Abstract

Steady-state and time-resolved fluorescence techniques were used to study excited-state proton transfer (ESPT) to water of the reversible photoacid 2-naphthol-8-sulfonate (2N8S) in acetonitrile/water mixtures. In acetonitrile-rich mixtures, up to χwater ≤ 0.12, we found a slow ESPT process on the order of nanoseconds. At χwater ≈ 0.15, the RO- fluorescence band intensity is at the minimum, whereas at χwater ≈ 0.030, it is at the maximum. The steady-state fluorescence spectra of these mixtures show that the intensity of the RO- fluorescence band at χwater ≈ 0.030 is about 0.24 of that of the ROH band. We explain this unusual phenomenon by the presence of water clusters that exist in the acetonitrile-rich CH3CN/H2O mixtures. We propose that a water bridge forms between the 2-OH and 8-sulfonate by preferential solvation of 2N8S, and this enables the ESPT process between the two sites of the molecular structure of 2N8S. In mixtures of χwater ≥ 0.25, the ESPT process takes place to water clusters in the bulk mixture. The higher the χwater in the mixture, the greater the ESPT rate constant.

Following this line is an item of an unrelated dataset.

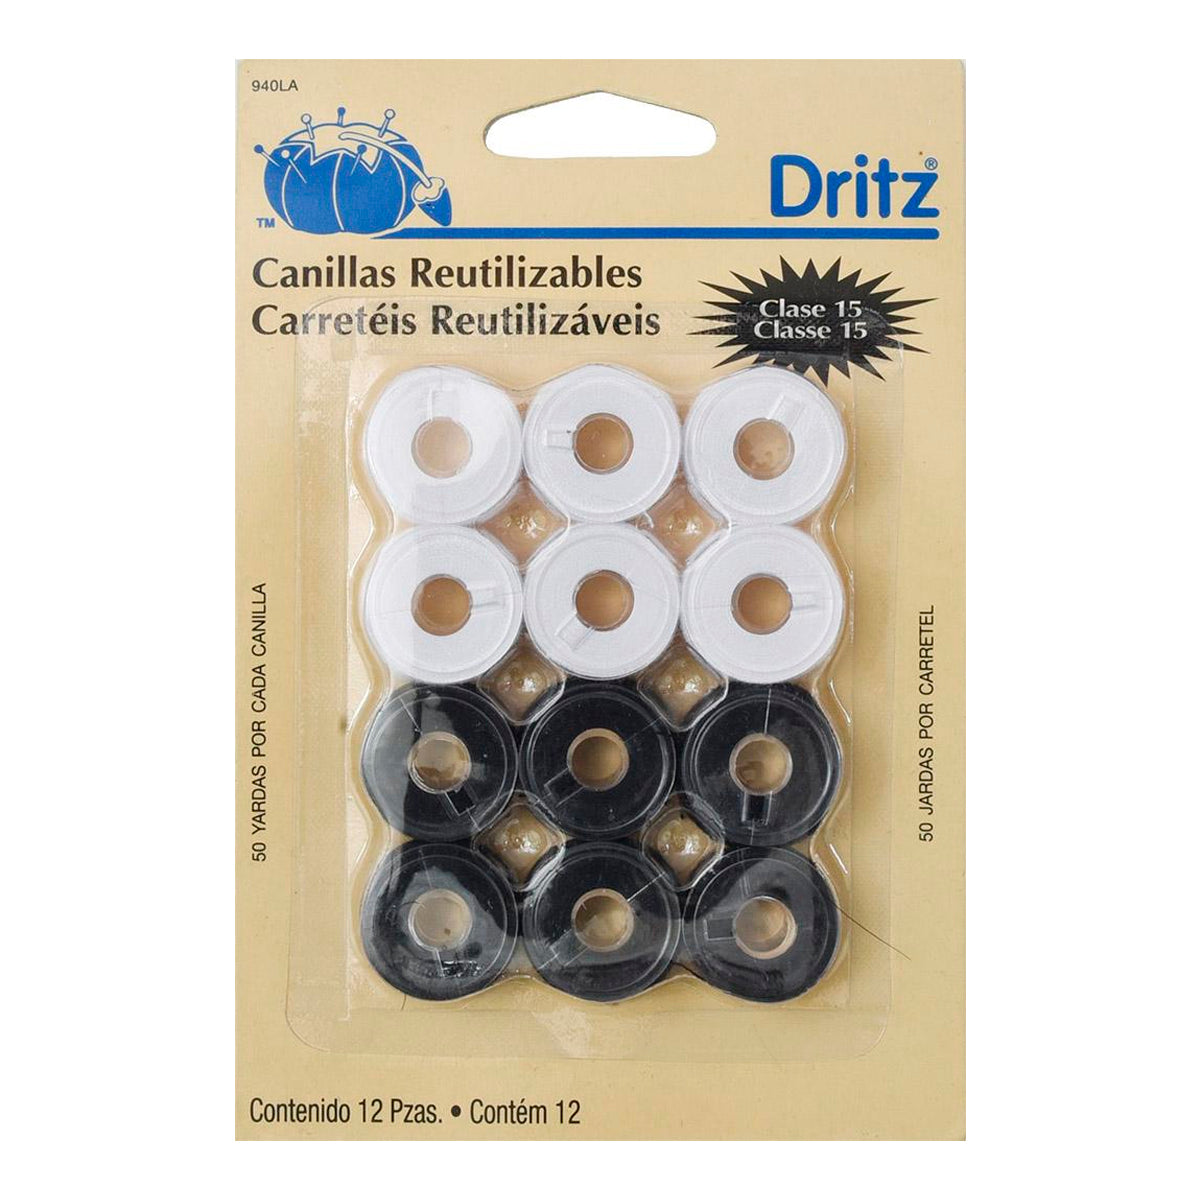 Carreteles Dritz Reutilizables 940LA

In neat water, the rate constant is rather small, 4.5 × 109 s-1. TD-DFT calculations show that a single water molecule can bridge between 2-OH and 8-sulfonate in the excited state. The activation energy for the ESPT reaction is about 9 kcal/mol, and the RO-(S1) species is energetically above the ROH(S1) species by about 1.6 kcal/mol.